DATASET SECTION:
= = = =

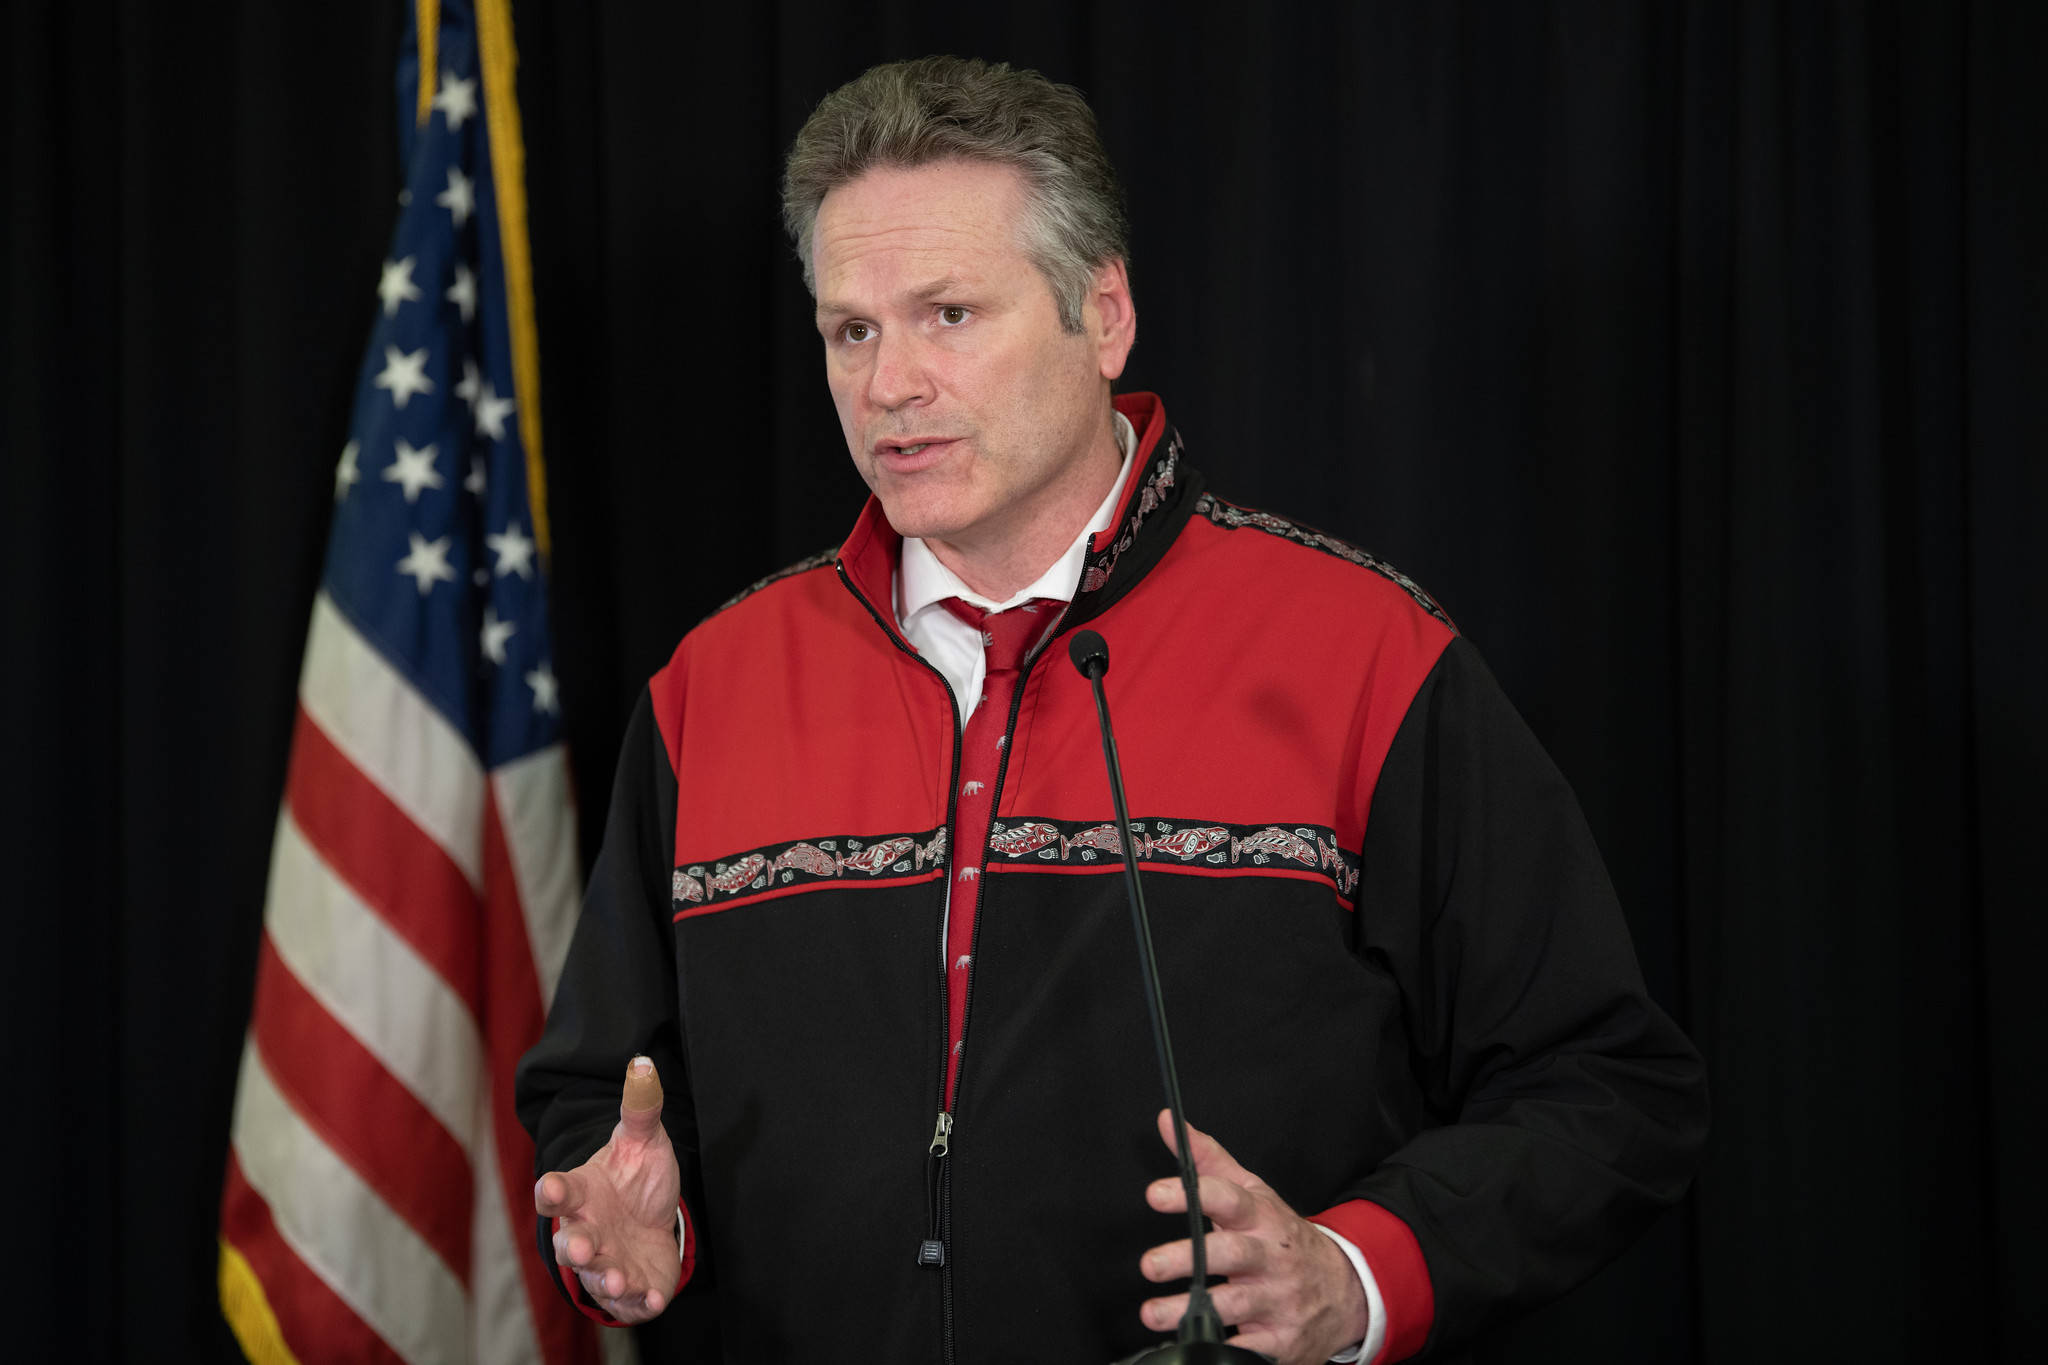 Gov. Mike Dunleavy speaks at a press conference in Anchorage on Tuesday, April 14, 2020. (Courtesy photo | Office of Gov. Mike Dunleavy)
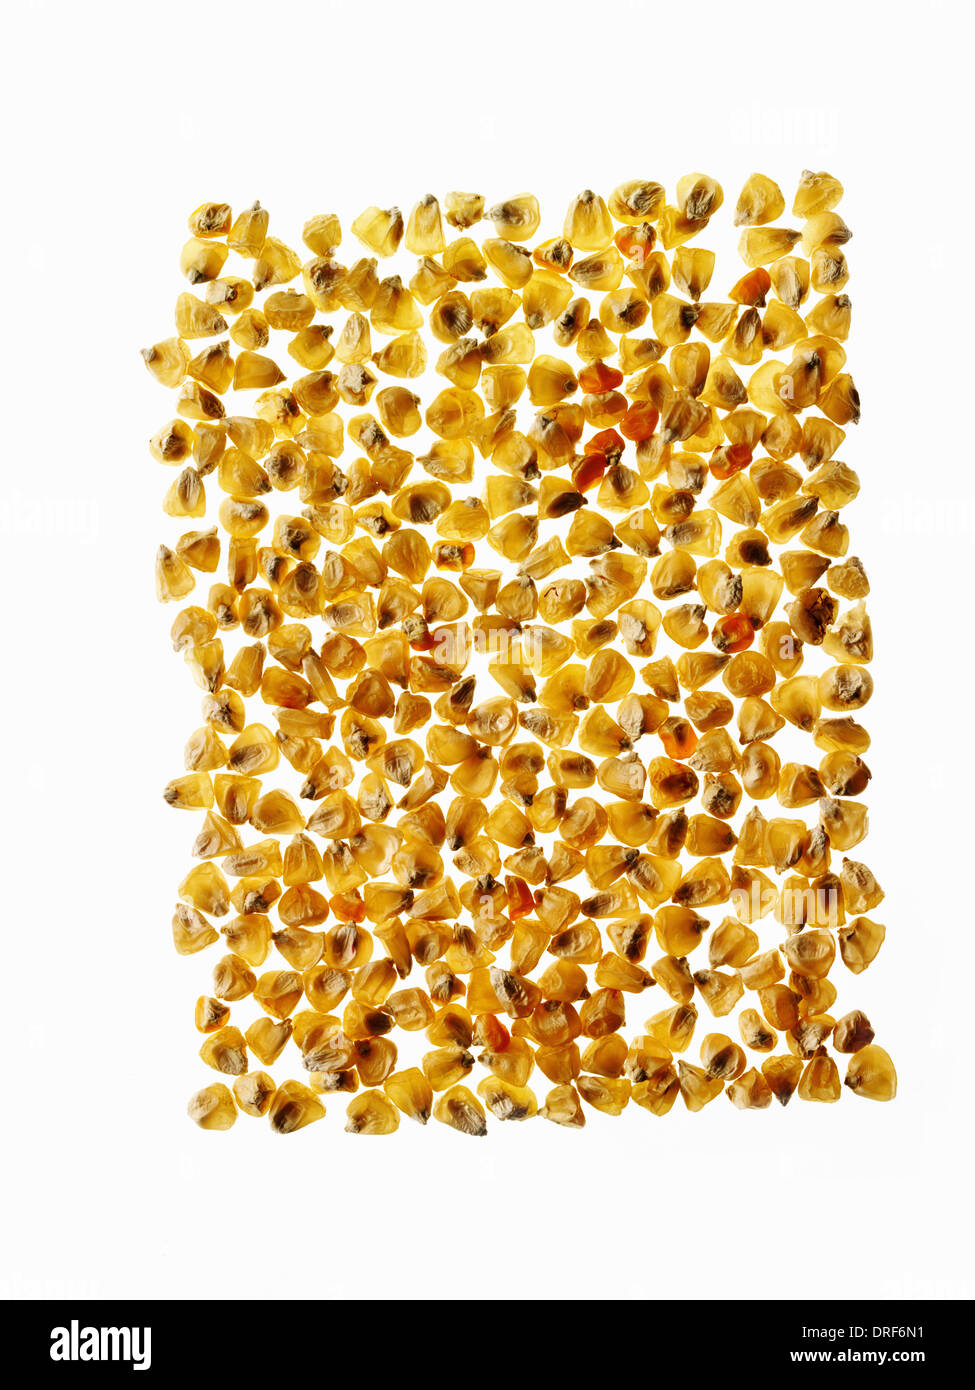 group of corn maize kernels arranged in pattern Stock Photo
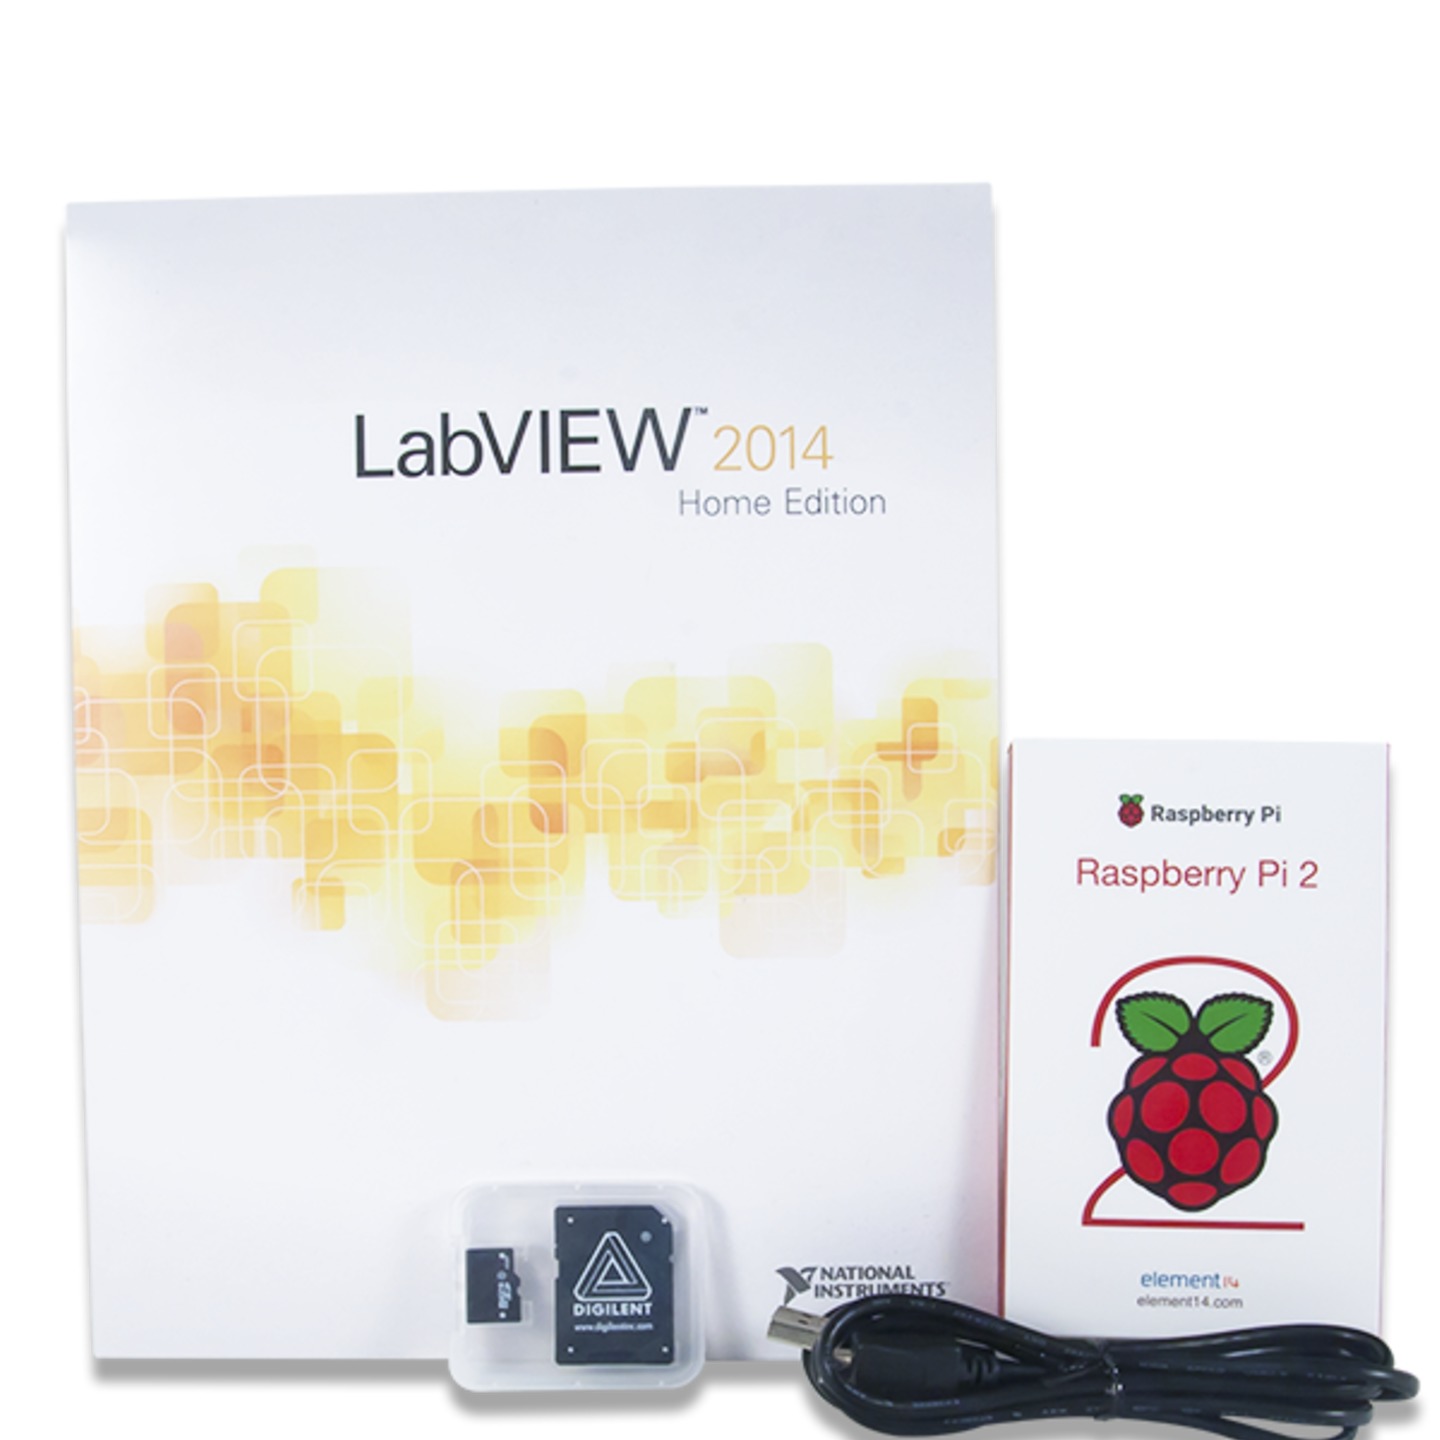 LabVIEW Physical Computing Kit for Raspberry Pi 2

= = = =

YOUR ASSIGNMENT:
Retype exactly, please, the span from the line holding "group of corn" through the closing line of the data, both ends included, without the pictures.

SOLUTION FOR THIS EXERCISE:
 group of corn maize kernels arranged in pattern Stock Photo
 LabVIEW Physical Computing Kit for Raspberry Pi 2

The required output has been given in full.